Task prompt: Everything from the line containing "B&G Zeus3 Glass" to the last line of the listing below should be restated exactly, both ends included, with nothing added and the pictures omitted.

Data shown:
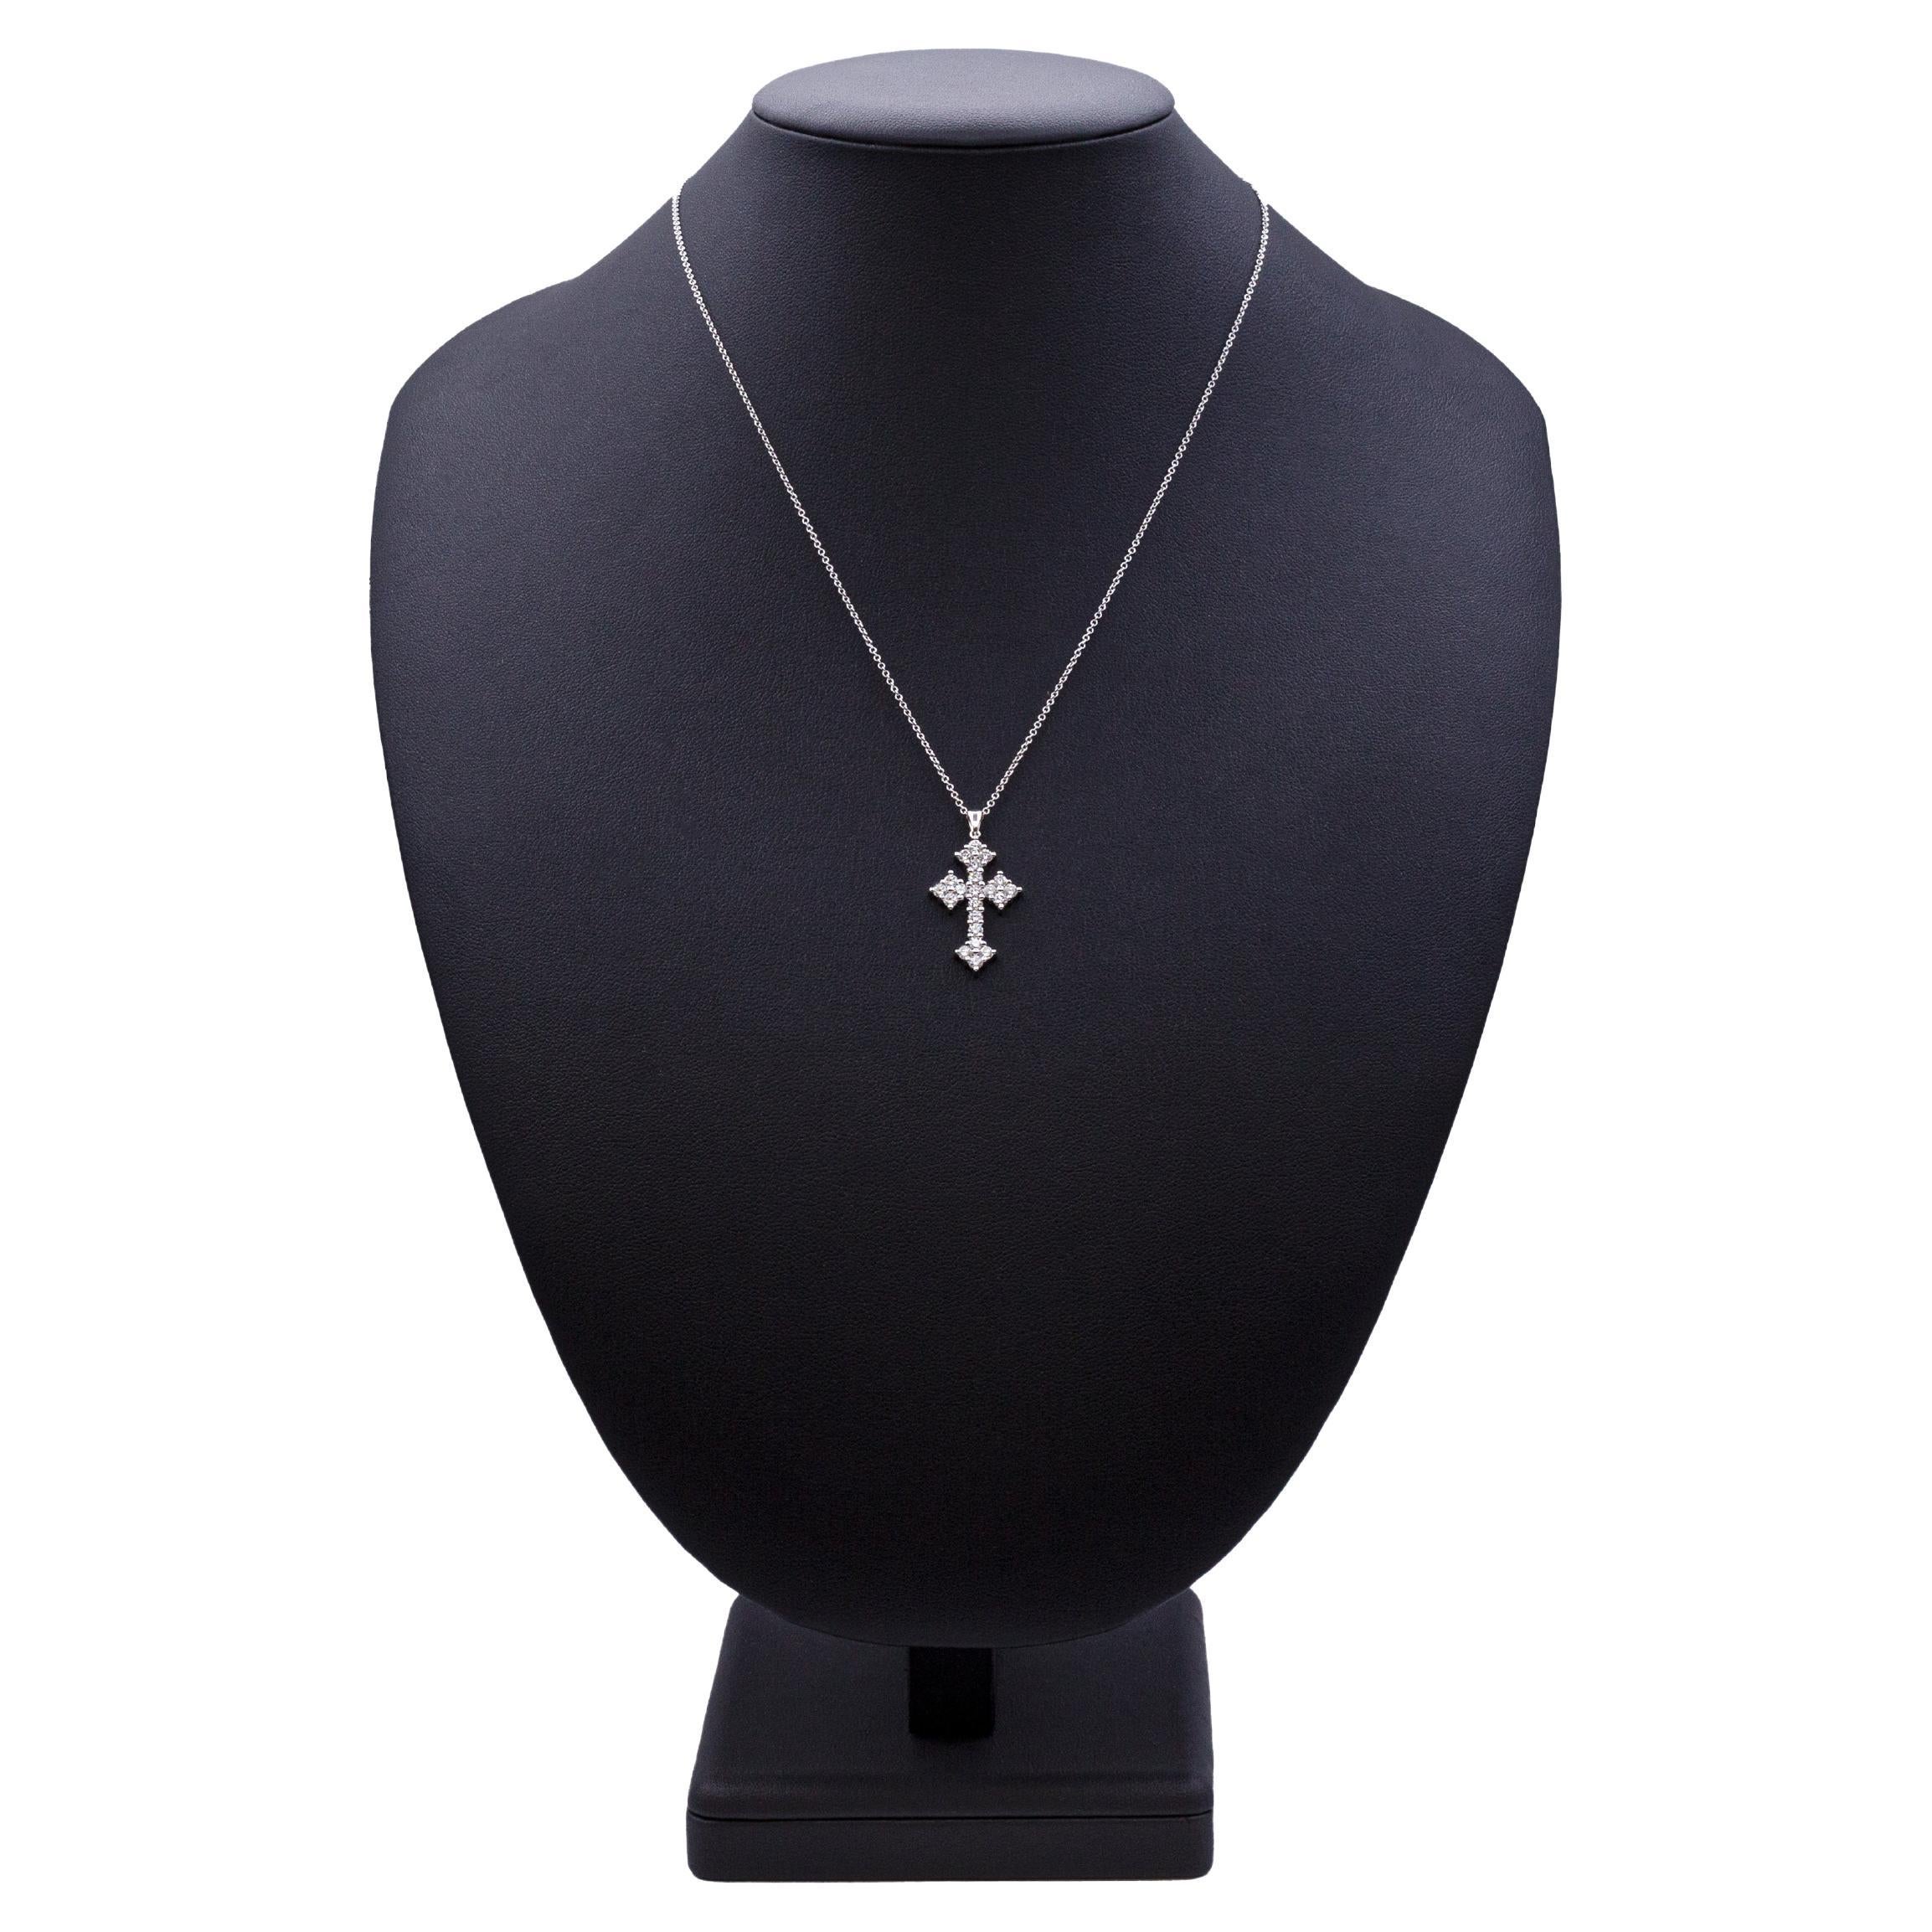 Diamond Cross Necklace in 14K White Gold
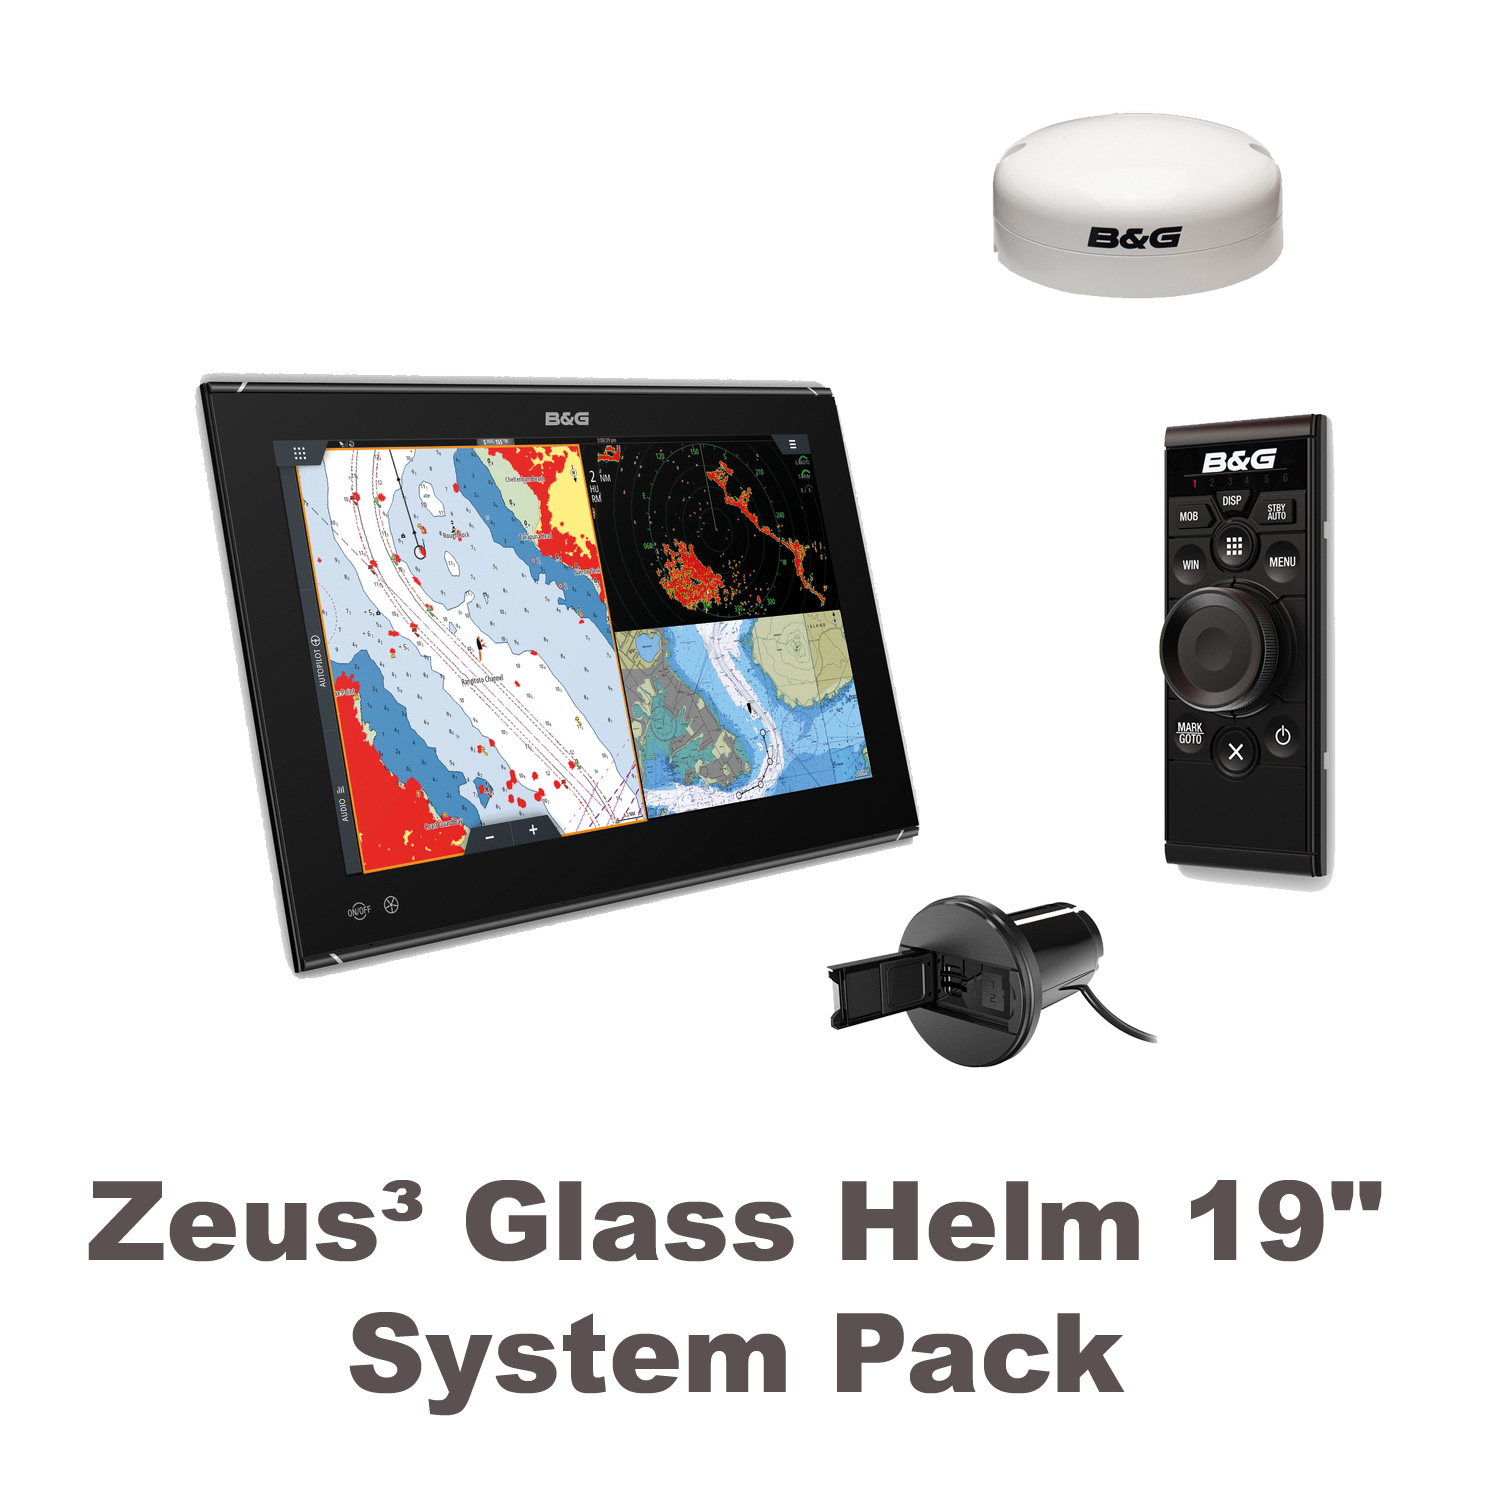 B&G Zeus3 Glass Helm 19" System Paket
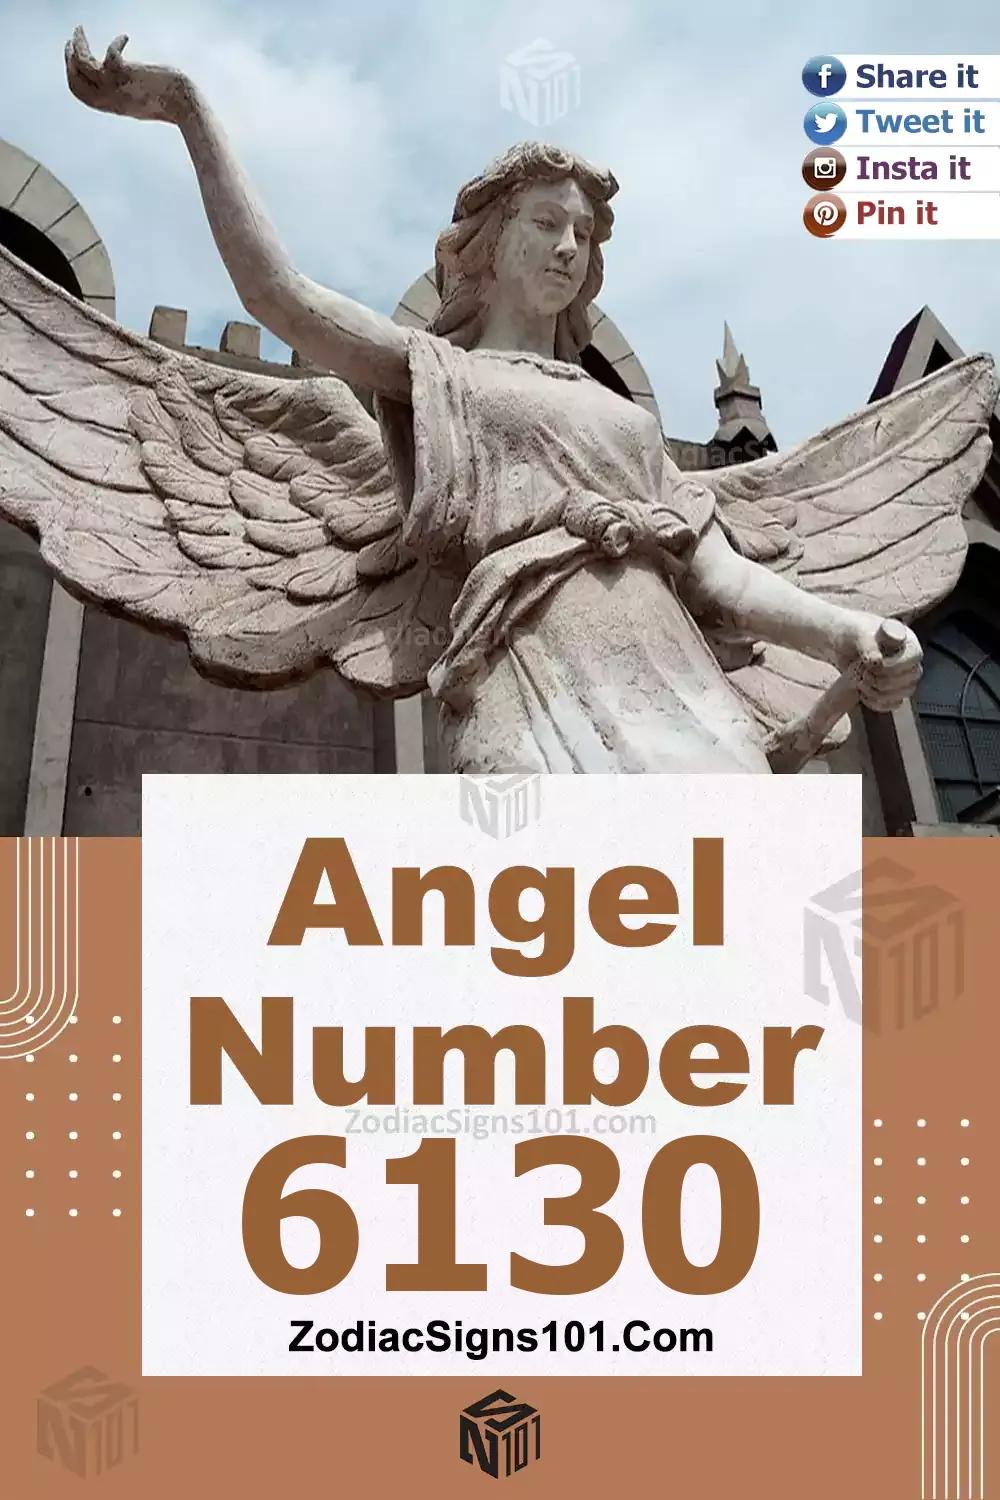 6130-Angel-Number-Meaning.jpg

Solution:
 B&G Zeus3 Glass Helm 19" System Paket
 6130-Angel-Number-Meaning.jpg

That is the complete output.